Design is far more important, because if you take your time to look
at the articles on the compiler theory on the net, you'll find out
that pretty much /every/ design can be implemented within 1/3 speed
of C (except tcl, but now they're compiling even /that/). 

There are many issues. Many people think that design is tradeoff
between efficiency and ease of use. Actually design is a tradeoff
between compiler complexity and the ease of use. :) I'll come to the
issues in a bit.

> > I've used quite a few (as, I suspect, have a few of the other older
> > members of this list), including APL, AlgolW, Algol68, Pascal, Lisp,
> > Basic, Fortran, Forth, several assemblers, and a few languages of my
> > own design. 
> 
> Of these languages, which features do you like? Which don't you like? Why?
> 
> Is it possible to say, in general terms, what makes a bad programming 
> language? And what makes a good one?

At the risk of starting a flamewar, there are very few languages which are bad
in general. I'd say that the /really/ bad feature is failure
to check the types of function arguments (either at compile time or
at runtime). This is my major gripe with FORTRAN and K&R C (thankfully,
they fixed this in ANSI C).

Another think that I hate is high sensitivity to the error of the programmer.
C++ is particularily affected by this - just try to play with templates
a bit and watch the code-size explode. Error tolerance is probably the
single most important issue to deal with. This means that errors, when
they occur, should be meaningfully reported. But it also means that
logical errors should be relatively rare.

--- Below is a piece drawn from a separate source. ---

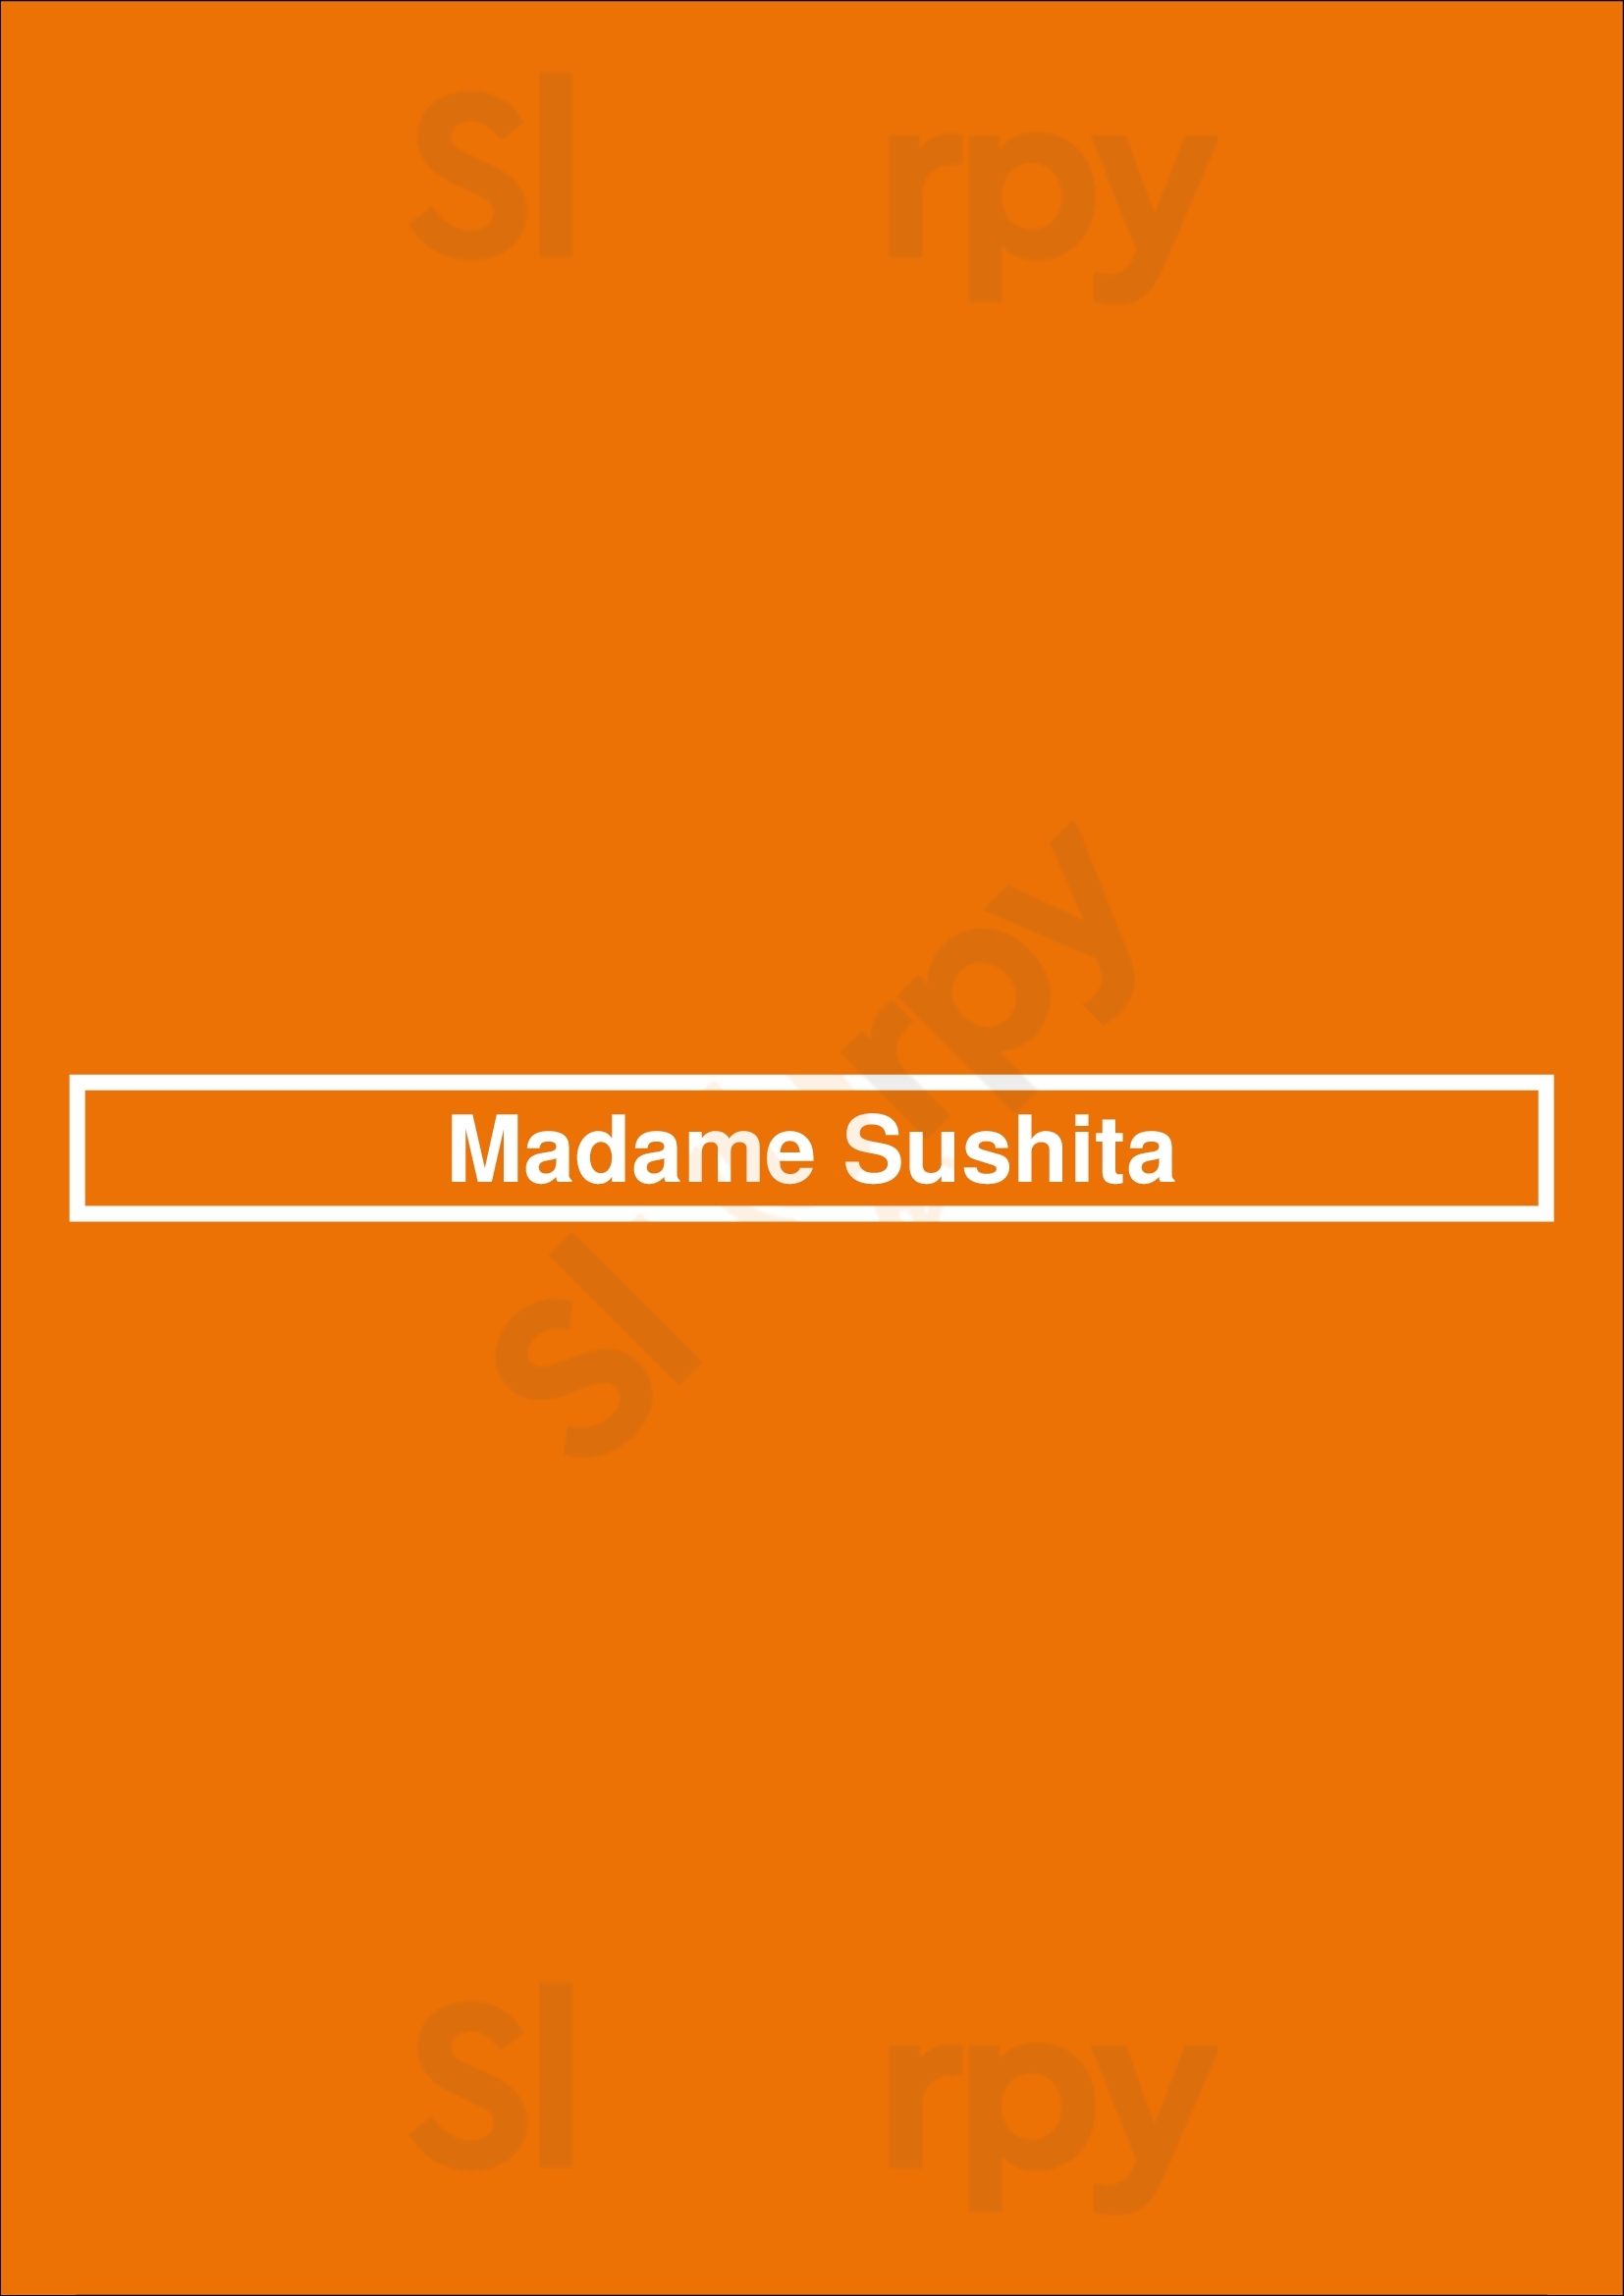 Madame Sushita Madrid Menu - 1

> I know someone who is looking into dynamic linking of object files into a 
> running executable. Has anyone here done anything like this?

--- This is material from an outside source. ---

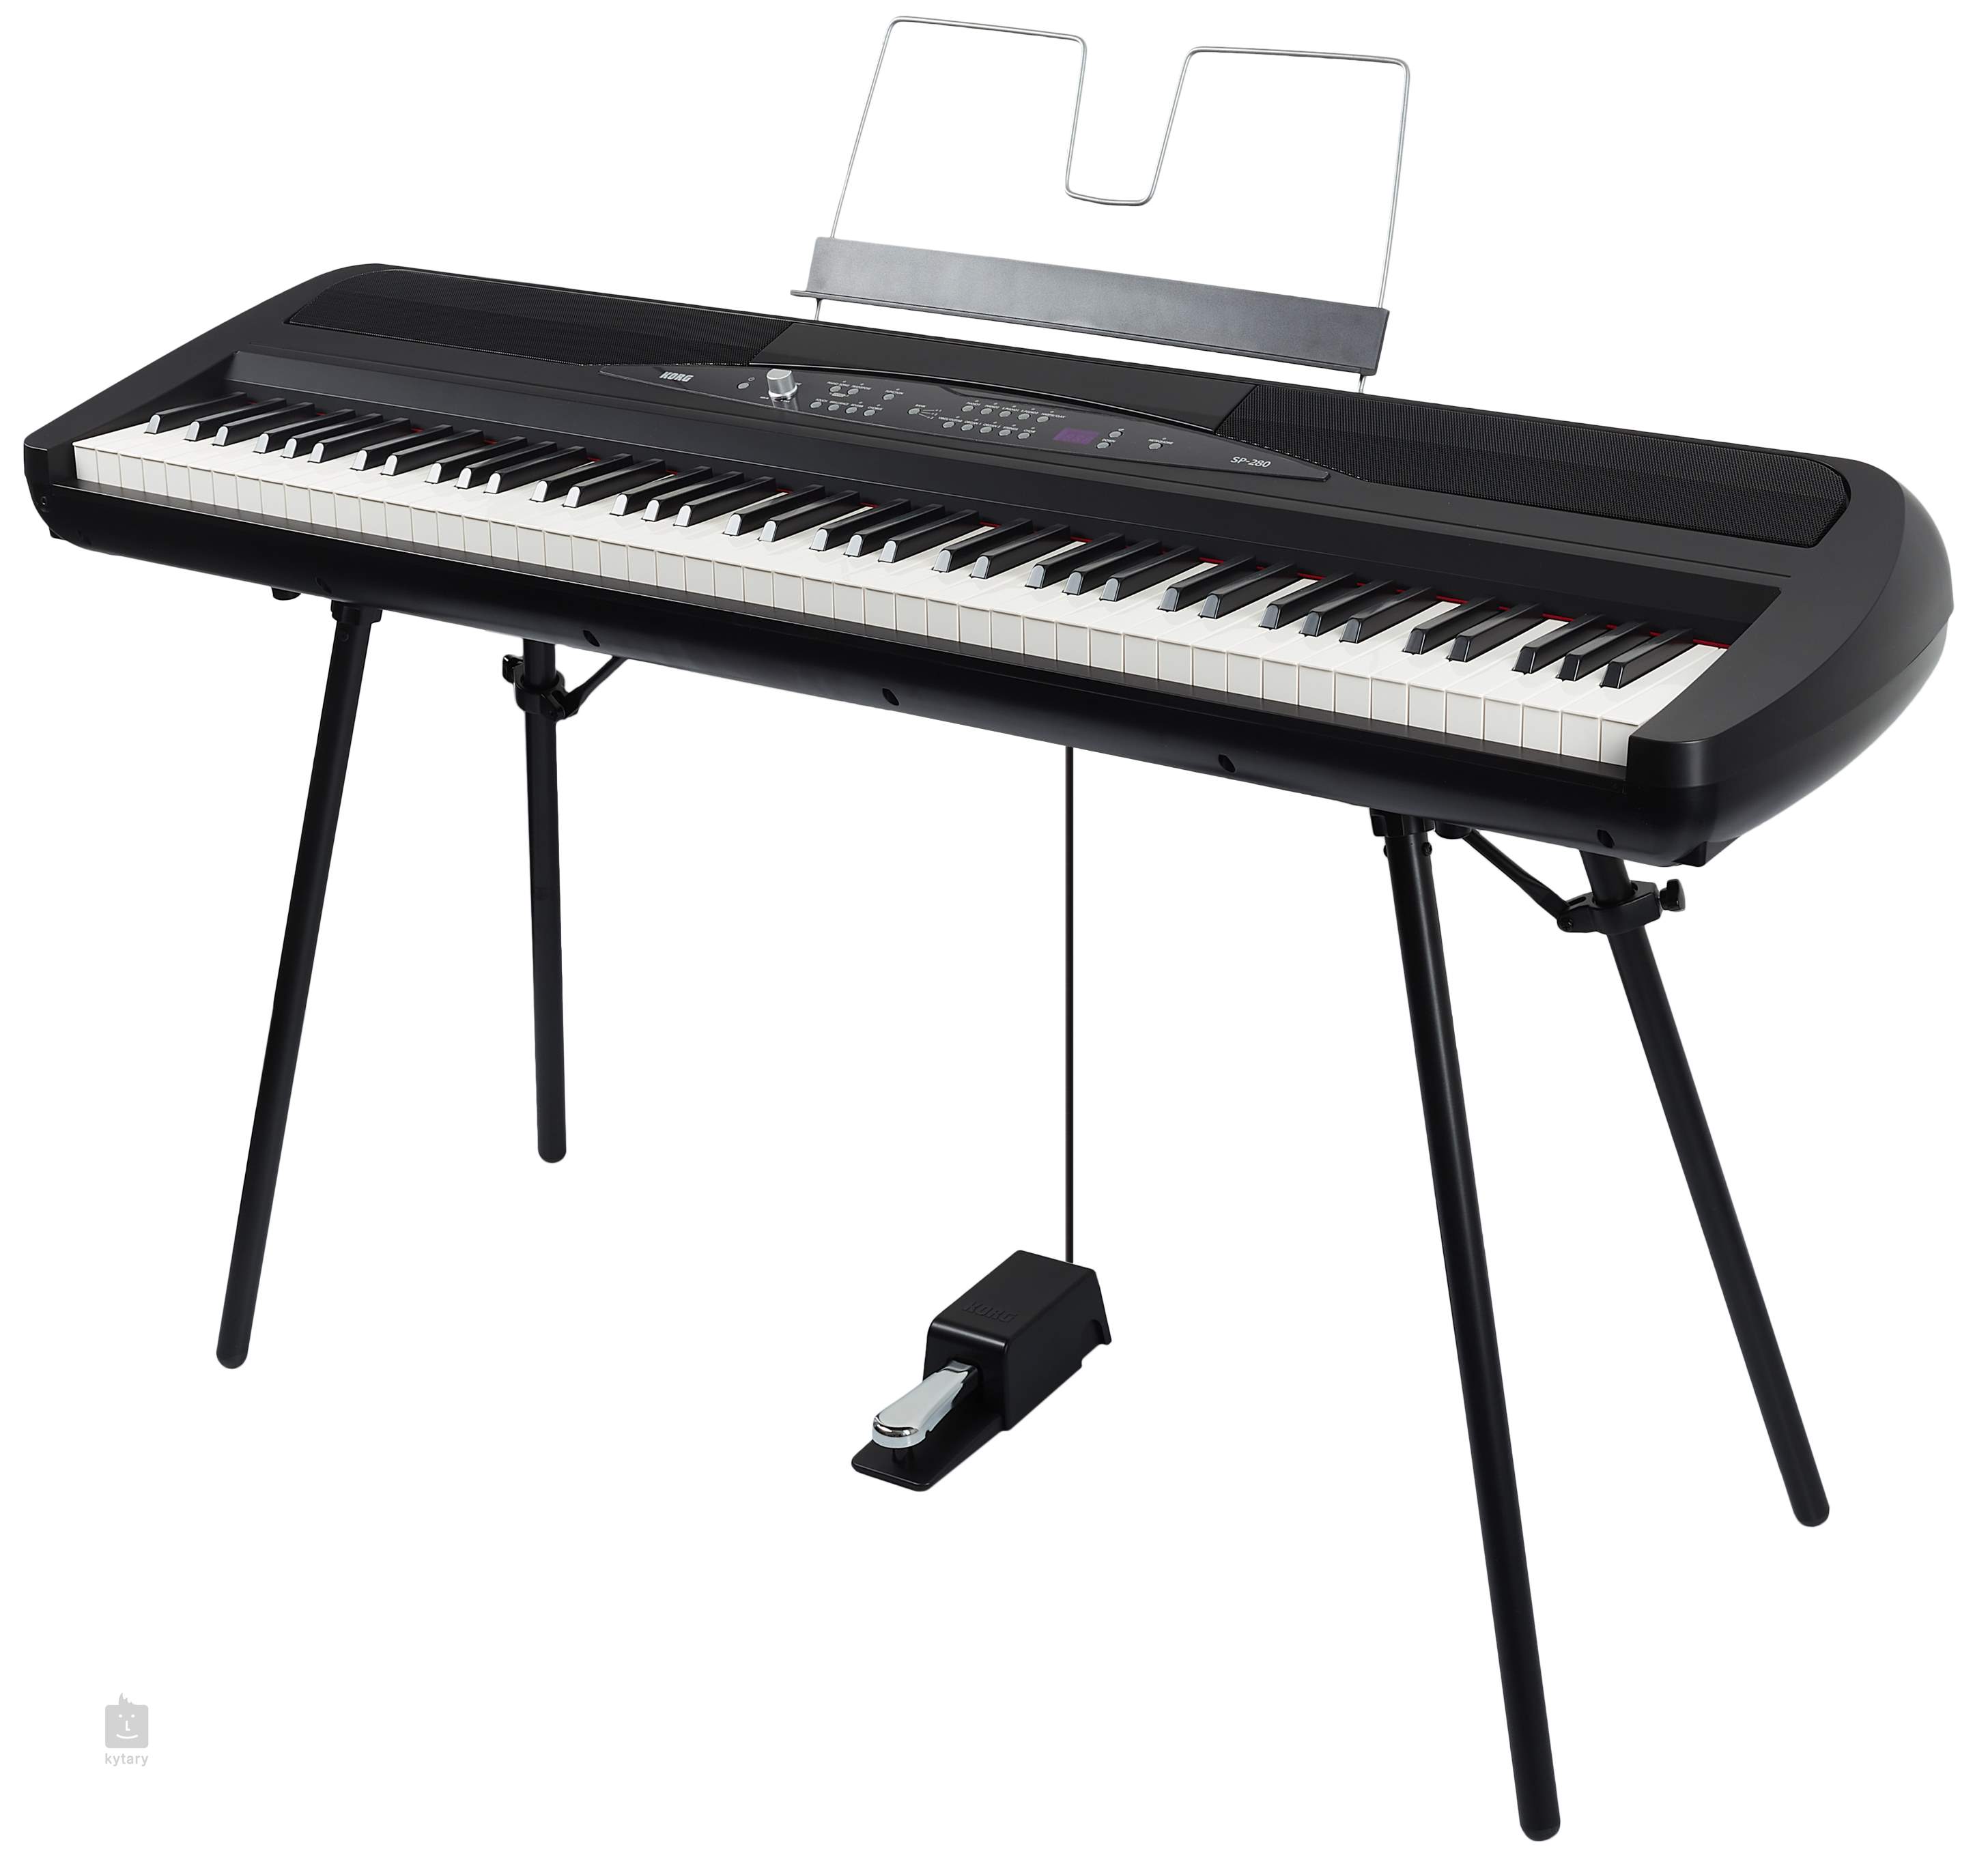 Pack SP-280 BK +Accessoires : Piano Portable Korg

Cold people consider doing this. There is another possibility: There is
a reasonably portable code generator that spews machine code directly
into RAM. See http://www.pdos.lcs.mit.edu/~engler/pldi96-abstract.html

> > If the language you create/use is familiar to a lot of your workers, then
> > it is easier to get them to work in it, since there is less learning
> > curve, and there is the "instant gratification" that can be so important
> > in getting people motivated. I essentially did that with my system, but
> > since I knew that I was going to be the only user for a while, I chose
> > to make my language like other languages I had designed, and not like
> > any mainstream languages. My dislike for many mainstream languages, and
> > the simplicity of parsing my own languages influenced this a lot, too.
> 
> What is it that you dislike about mainstream languages? Why?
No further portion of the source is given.